Throughout the class, there was a lot of note making and it was fast paced, the amount of information given to use was hard to take in. The lecturer, Cath Davies, showed us a way to filter the information into columns made up of the titles, ‘Describe (the features)’, ‘Analyse (connotations)’ and ‘Theory (quotes)’. This made the notes much easier to read through and easier to piece together to write for the formative essay.

My formative essay was based on the Goth Subculture. I explored the meanings behind their style and where it came from and how the subculture has become well known in Japan with the Harajuku girls, for example. I think I left it very last minute as I did not have many references and didn’t give evidence to back up what I was stating in some cases. From the Formative essay, I have realised that I need references for everything I am going to talk about and that I need to look over the Harvard Referencing Guide. Also,  to start the essay weeks before to write to my best ability. These are all things that I have worked on whilst writing my Summative essay.

On Thursday afternoons, Keynote lectures were delivered. These were often interesting and there was a wide range of different lecturers talking about a different subject every week. These lectures have added to my knowledge in some areas but I often found it difficult to be attentive to a subject that is not something I enjoy.

The second constellation class I attended was The Body. In this class, I learnt about previous medical practices such as plastic surgery,  identity and power and control in the human race, for example. I was happy to be in this study group as anything that involves the body intrigues me. I found this study group a lot harder than Smells Like Teen Spirit as the readings were much more complex and I struggled to understand most of the words. To try to solve this problem, I would try to read the readings in advance a few times and research words I did not understand the meanings of.

During The Body study group, the lecturer, Ashley Morgan wanted us to always be in groups with people we did not know. This has definitely helped me in my field module as field is all about group work. It has made me much more confident speaking to people and being part of a group that I have never met before.

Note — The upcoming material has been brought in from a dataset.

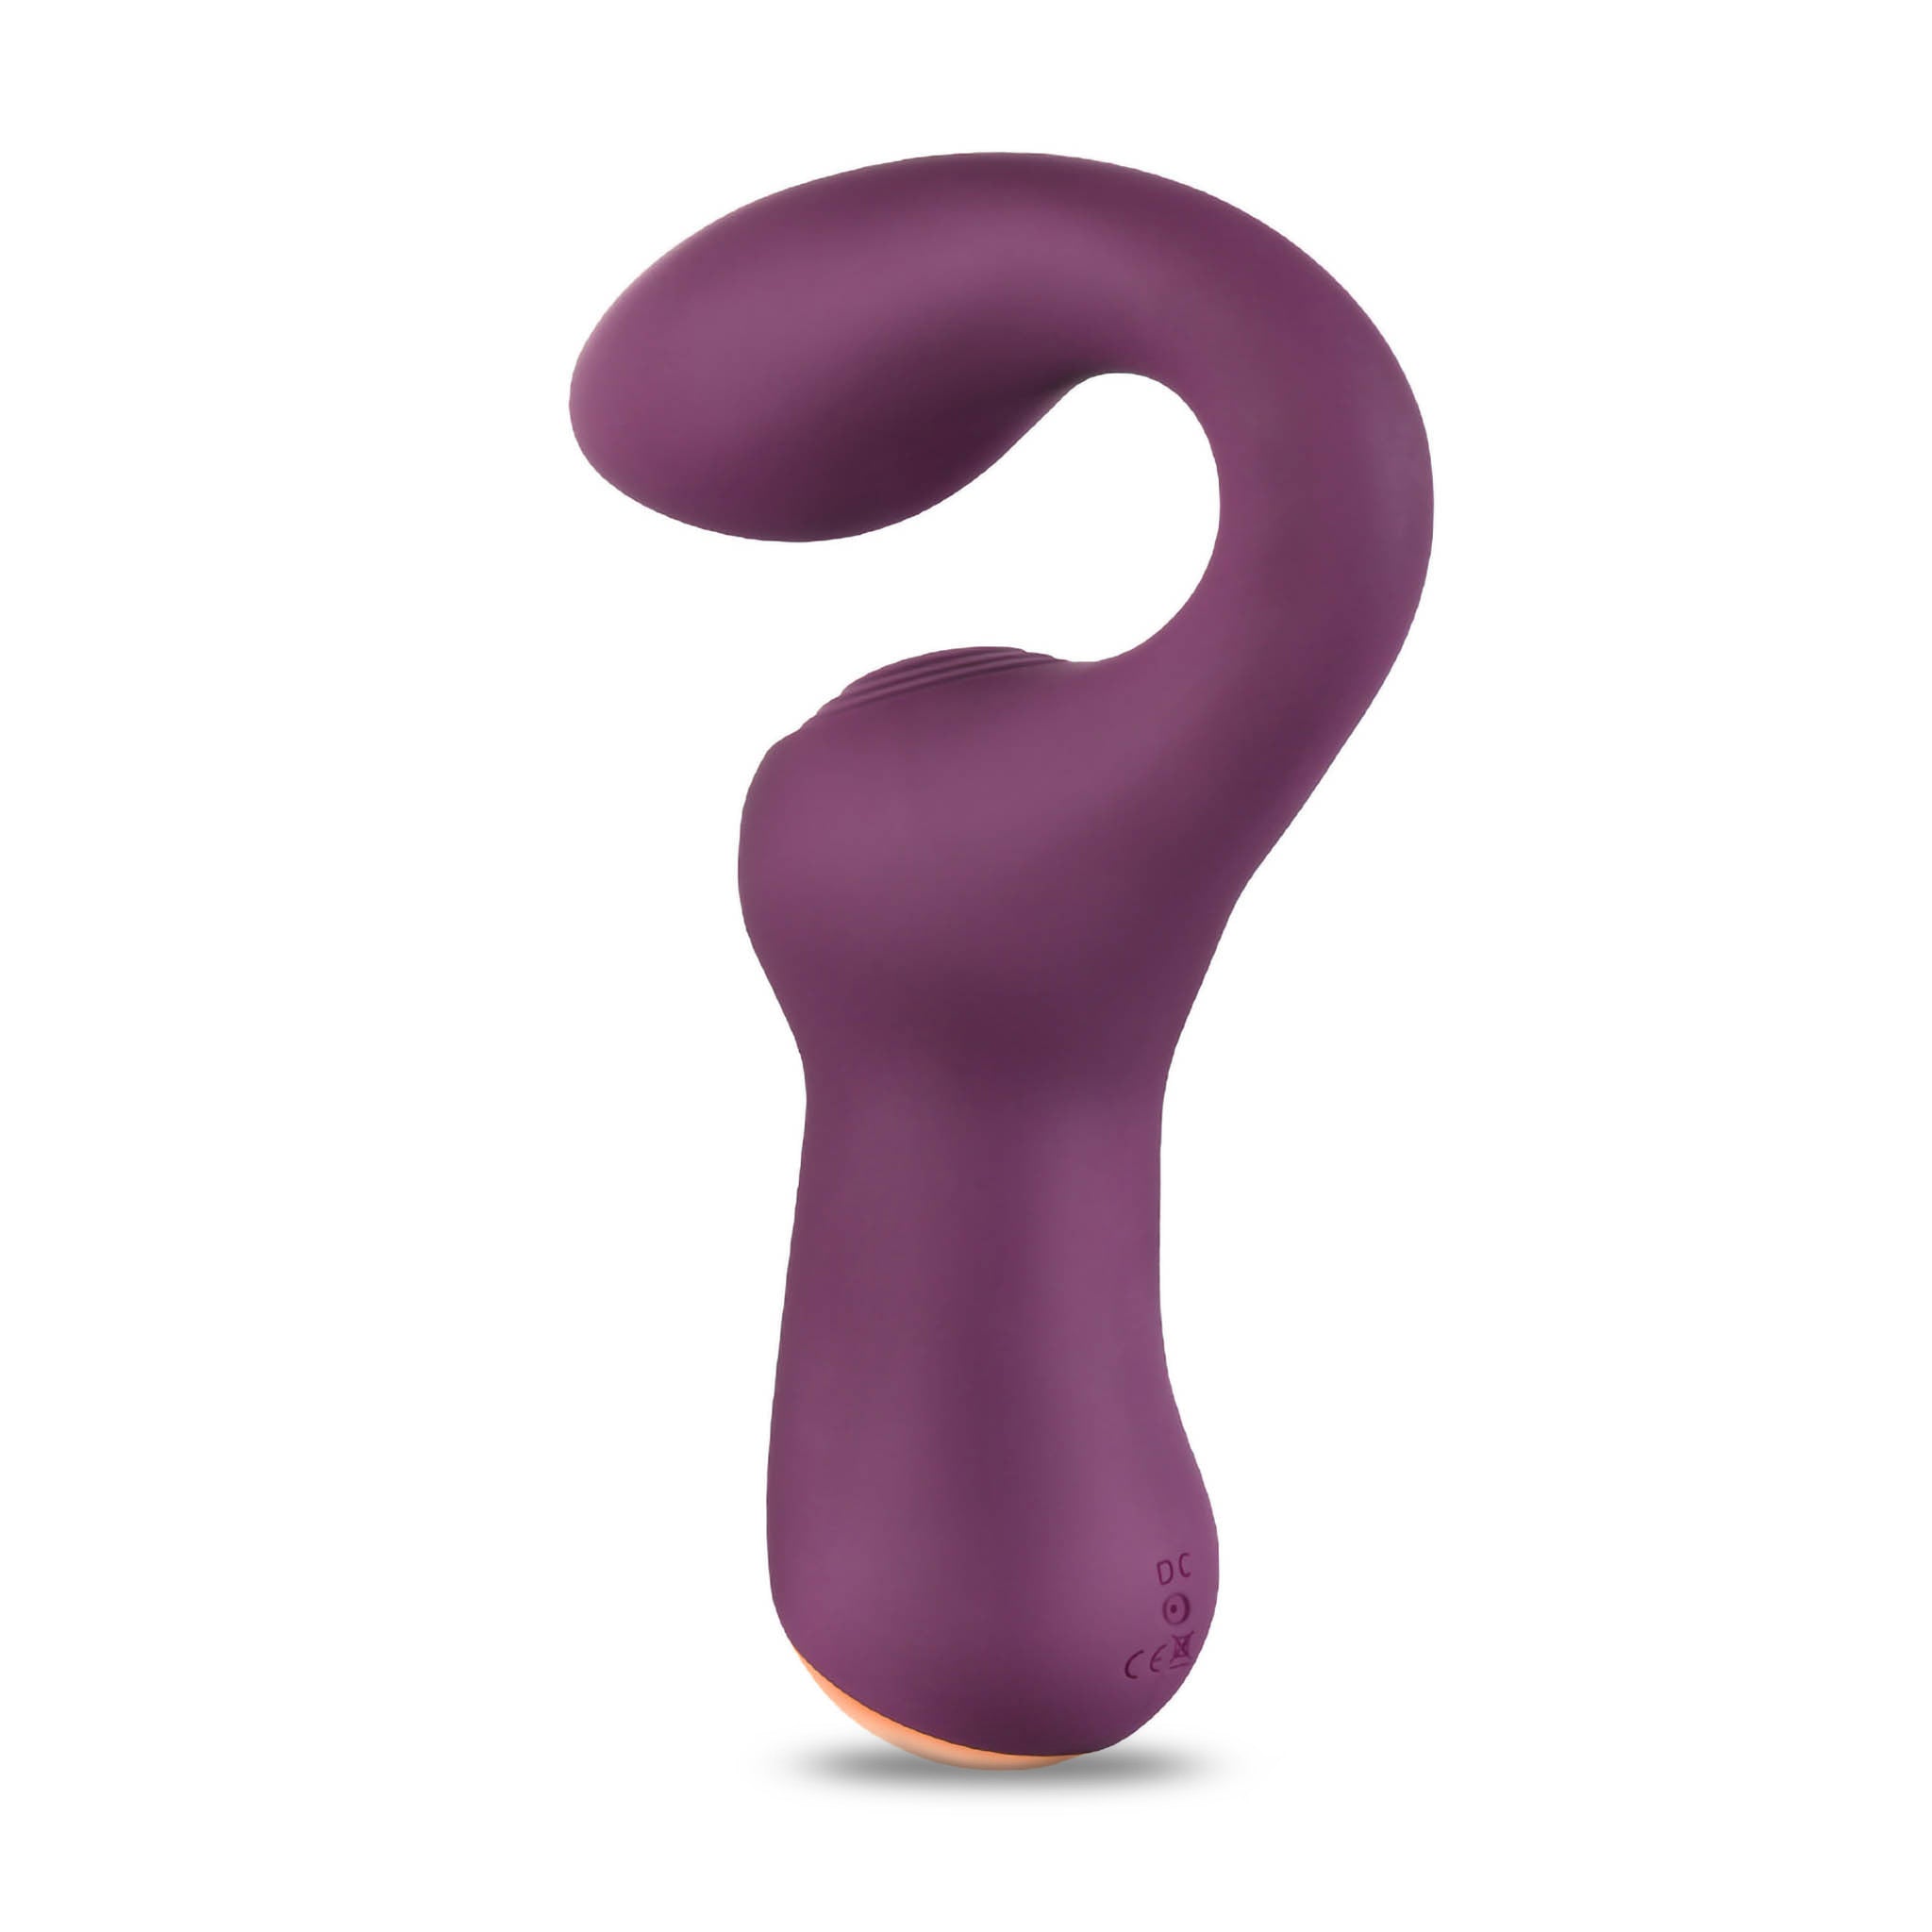 Dual Action G-spot Clitoral Massager Vibrator Stimulator Tickler Female Sex Toys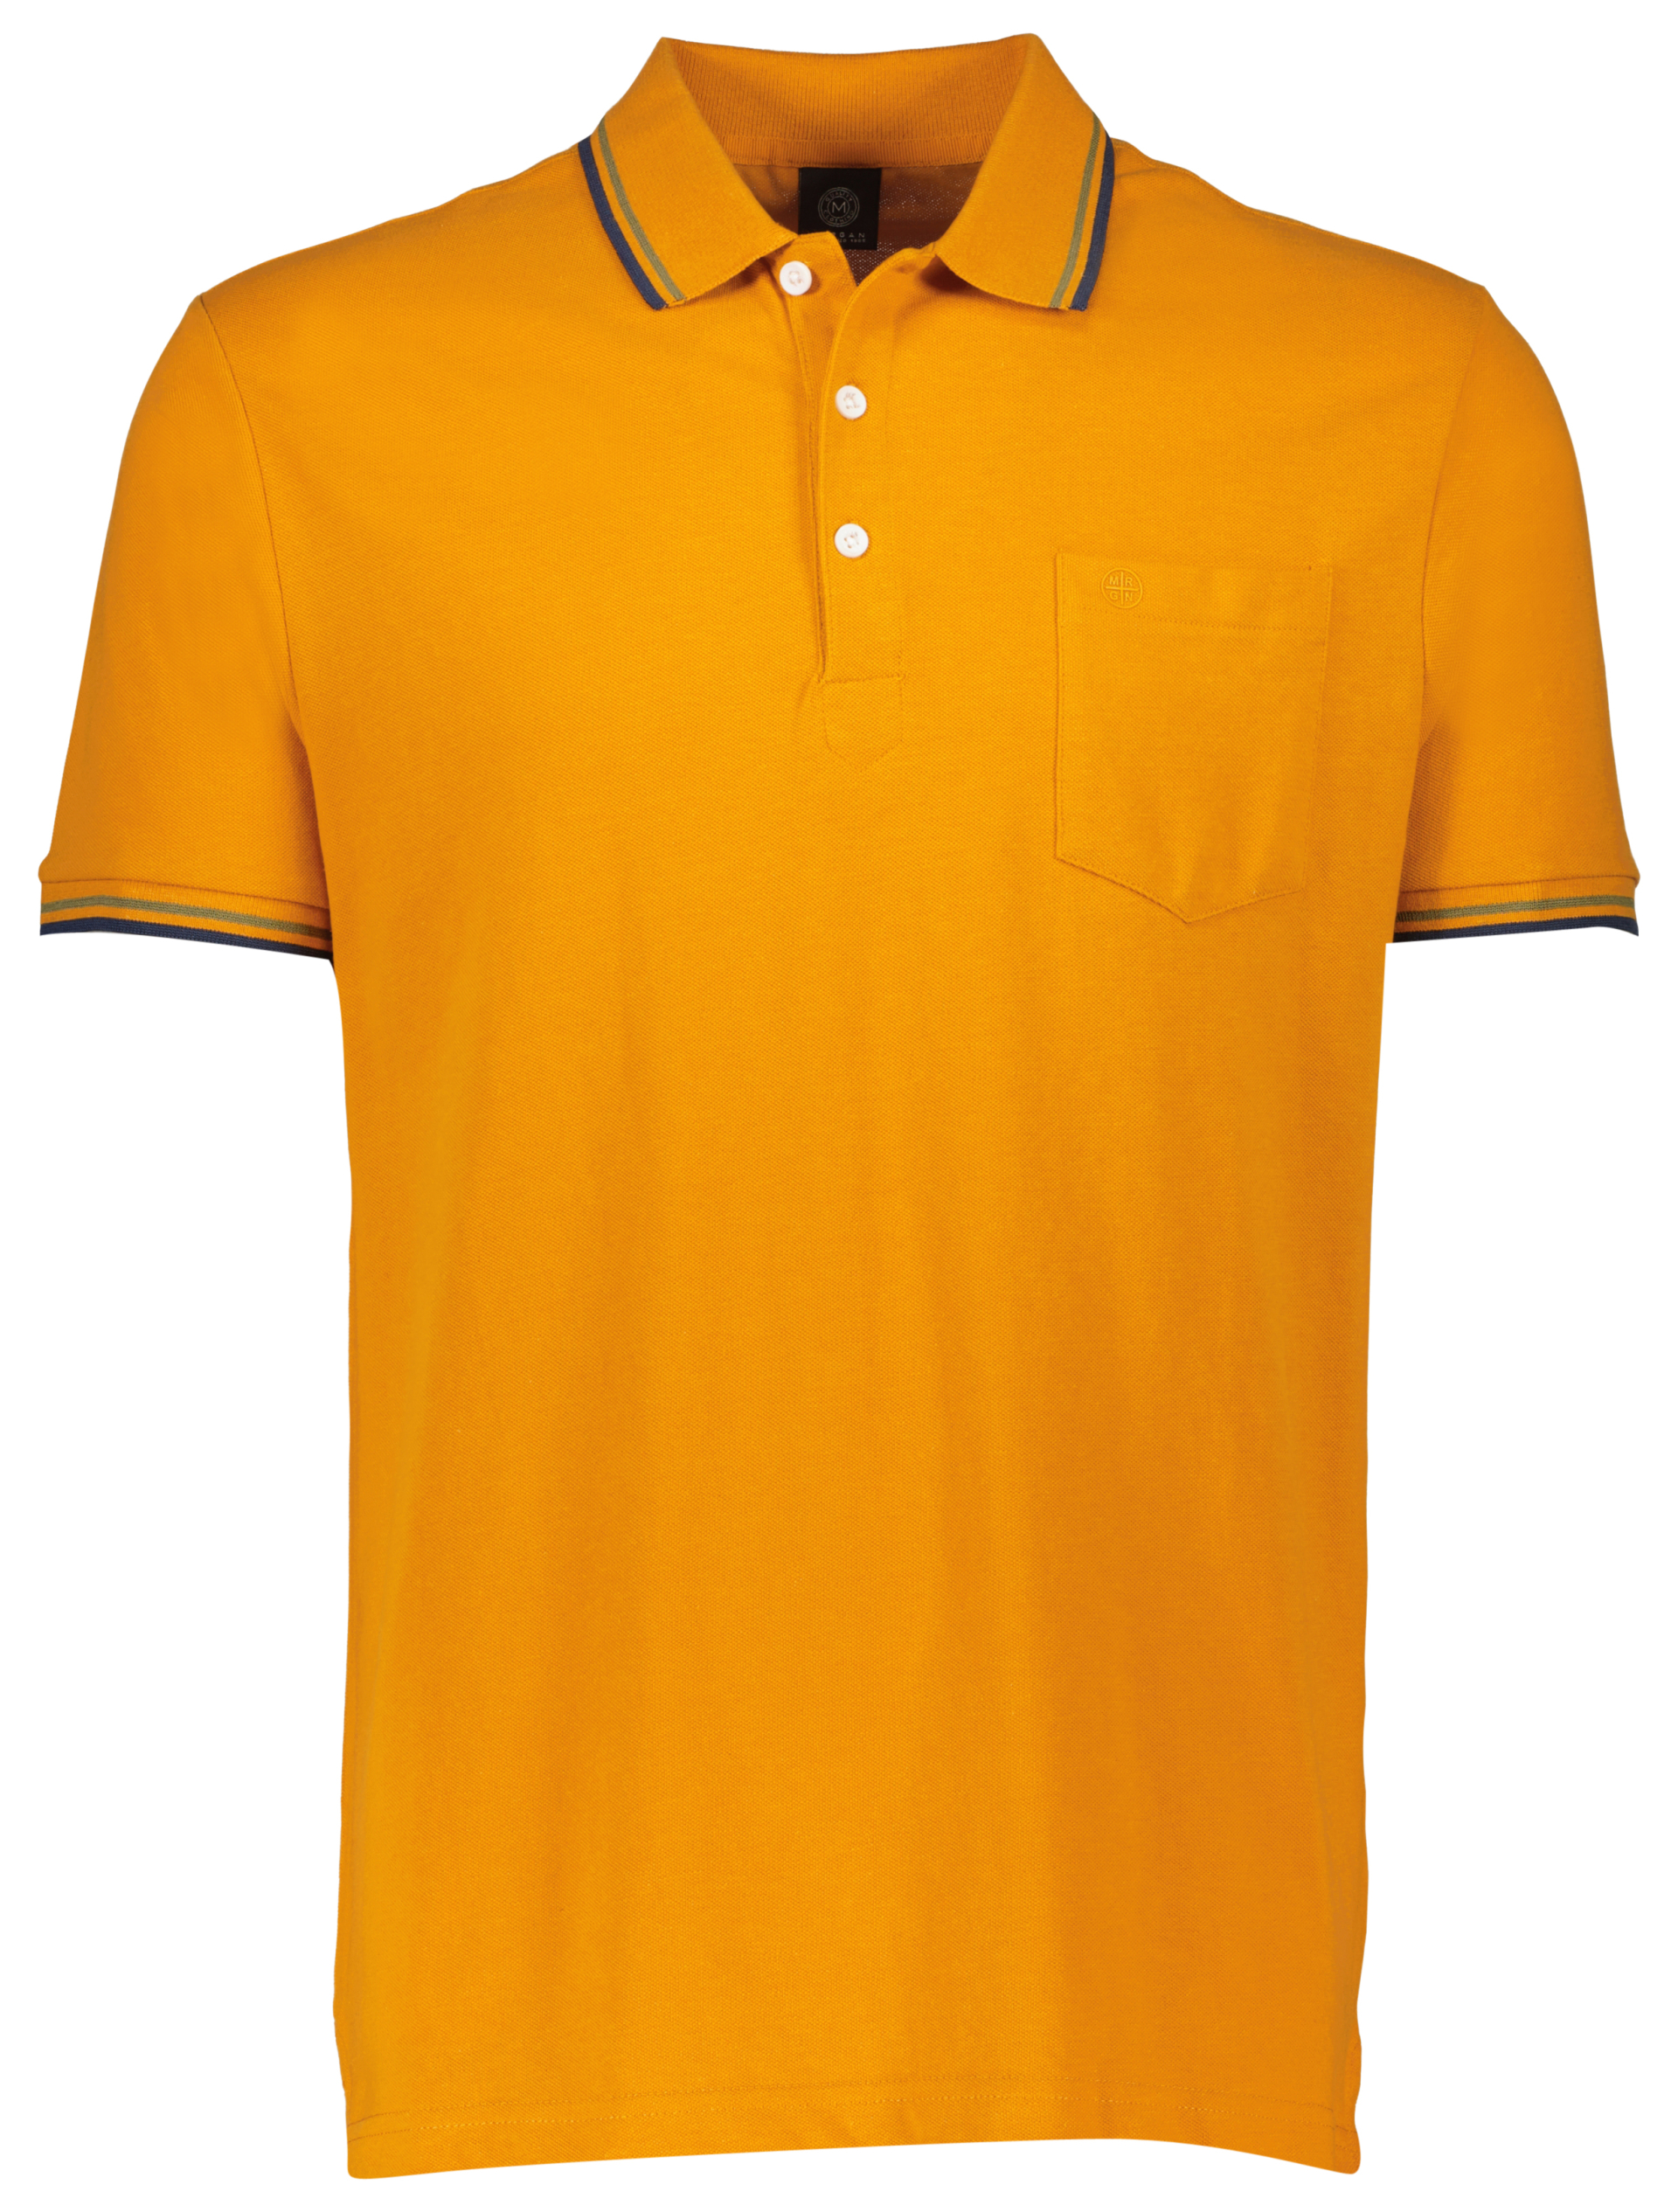 Morgan Poloshirt orange / lt orange

Whilst getting references for my Summative essay, I did not find it easy reading. I’ve never found interest in reading, especially academic reading. A solution I learnt in The Body study group to find reading easier was to go to the index and look for the word you are writing about. This made it easier than reading through the whole book when it wasn’t necessary.

For my Summative essay, I have expanded on my Formative essay and worked on the areas of feedback. This time, I have gathered much more references and started with enough time to write it to my best standard.

Overall, my experience doing Constellation has learnt me a lot about myself and my learning techniques. I have overcome panic when it comes to group work and reading academic text.  I have added to my knowledge through attending both study groups and keynote lectures. Constellation has been enjoyable and interesting.

As an art student, I don’t feel I am academic. I disliked writing the essays and reading but I have written two, which I’ve tried my best at and am proud of doing so. 



Identity- shared with others, relying on sameness.

Identity and social media.

What does Facebook do? Connects people through visual creativity, sharing information, representation of self through selfies, we see what people choose to post.

my selfie

During the lesson, we was asked to take a selfie and upload it to this post to show that it is a representation of ourselves.

Group work: Consider what Lawler says about identity.

What do you think she means by:

  1. Binaries: organising society into a box, e.g. men, women, black, white. Binaries suggests power, men are seen to be more dominant than women. Labelled, fits into society. However, there are pros and cons of labelling people and categorising them into a certain ‘box’ of society, people fall into a certain category when they are more than that.
  2. Homosexual/ heterosexual: Gay. Men who are attracted to women, women who are attracted to men.

Life Cycle Identity

Baby- hard to tell gender of baby. Very gender specific colours on baby clothing to identify.

Elderly person- pigment comes from hair, skin gets darker, tend to look at an older person in a way where we don’t categorize someones gender because we see them as just an elderly person or group of elderly people.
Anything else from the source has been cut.